Search code examples
neural-networkconv-neural-networkbatch-normalizationactivation-functionrelu

Assuming the order Conv2d->ReLU->BN, should the Conv2d layer have a bias parameter?


Should we include the bias parameter in Conv2d if we are going for Conv2d followed by ReLU followed by batch norm (bn)?

There is no need if we go for Conv2d followed by bn followed by ReLU, since the shift parameter of bn takes care of bias work.


Solution

  • Yes, if the order is conv2d -> ReLU -> BatchNorm, then having a bias parameter in the convolution can help. To show that, let's assume that there is a bias in the convolution layer, and let's compare what happens with both of the orders you mention in the question. The idea is to see whether the bias is useful for each case.

    Let's consider a single pixel from one of the convolution's output layers, and assume that x_1, ..., x_k are the corresponding inputs (in vectorised form) from the batch (batch size == k).

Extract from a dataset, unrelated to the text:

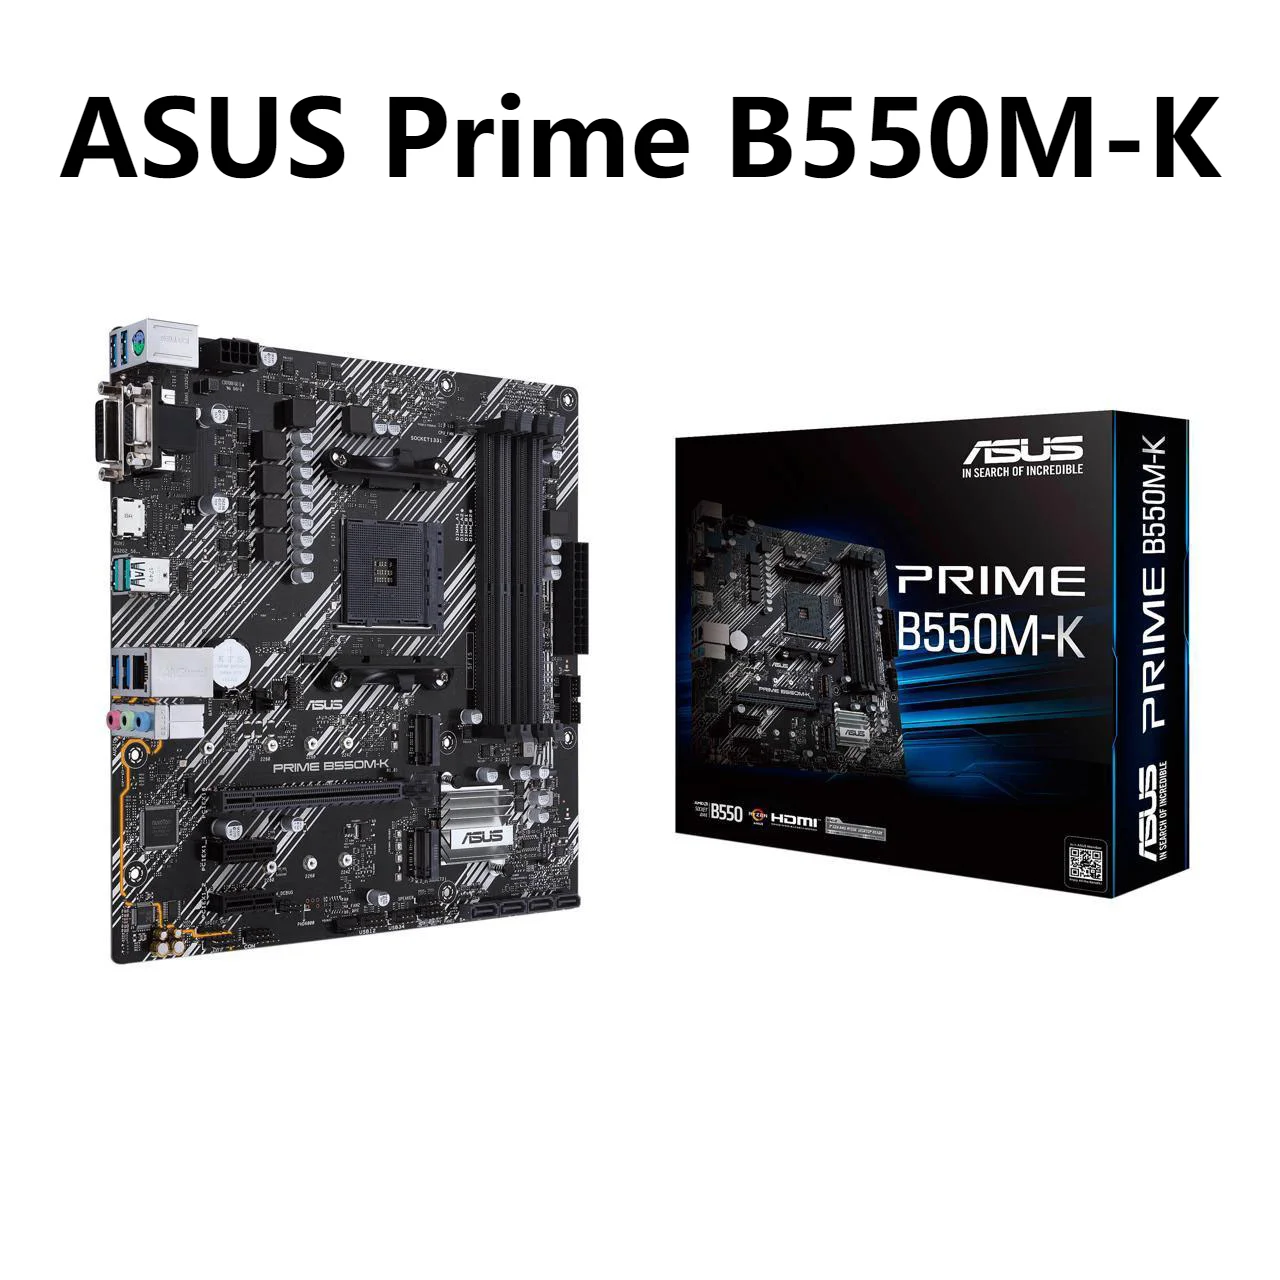 

ASUS PRIME B550M-K Motherboard AM4 AMD B550 Zen 3 Ryzen 5000/3rd Gen CPUs SATA 6Gb/s USB 3.0 HDMI Micro ATX PCIe 4.0 Dual M.2

We can write the convolution as

    Wx+b #with W the convolution weights, b the bias
    

    As you said in the question, when the order is conv2d-> BN -> ReLu, then the bias is not useful because all it does to the distribution of the Wx is shift it by b, and this is cancelled out by the immediate BN layer:

    (Wx_i - mu)/sigma  ==> becomes (Wx_i + b - mu - b)/sigma i.e. no changes.
    

    However, if you use the other order, i.e

    BN(ReLU(Wx+b))
    

    then ReLU will map some of the Wx_i+b to 0· As a consequence, the mean will look like this:

    (1/k)(0+...+0+ SUM_s (Wx_s+b))=some_term + b/k
    

    and the std will look like

    const*((0-some_term-b/k)^2 + ... + (Wx_i+b - some_term -b/k)^2 +...)) 
    

    and as you can see from expanding those therms that depend on non-zero Wx_i+b:

    (Wx_i+b - some_term - b/k)^2 = some_other_term + some_factor * W * b/k * x_i
    

    which means that the result will depend on b in a multiplicative manner. As a result, its absence can't just be compensated by the shift component of the BN layer (noted beta in most implementation and papers). That is why having a bias term when using this order is not useless.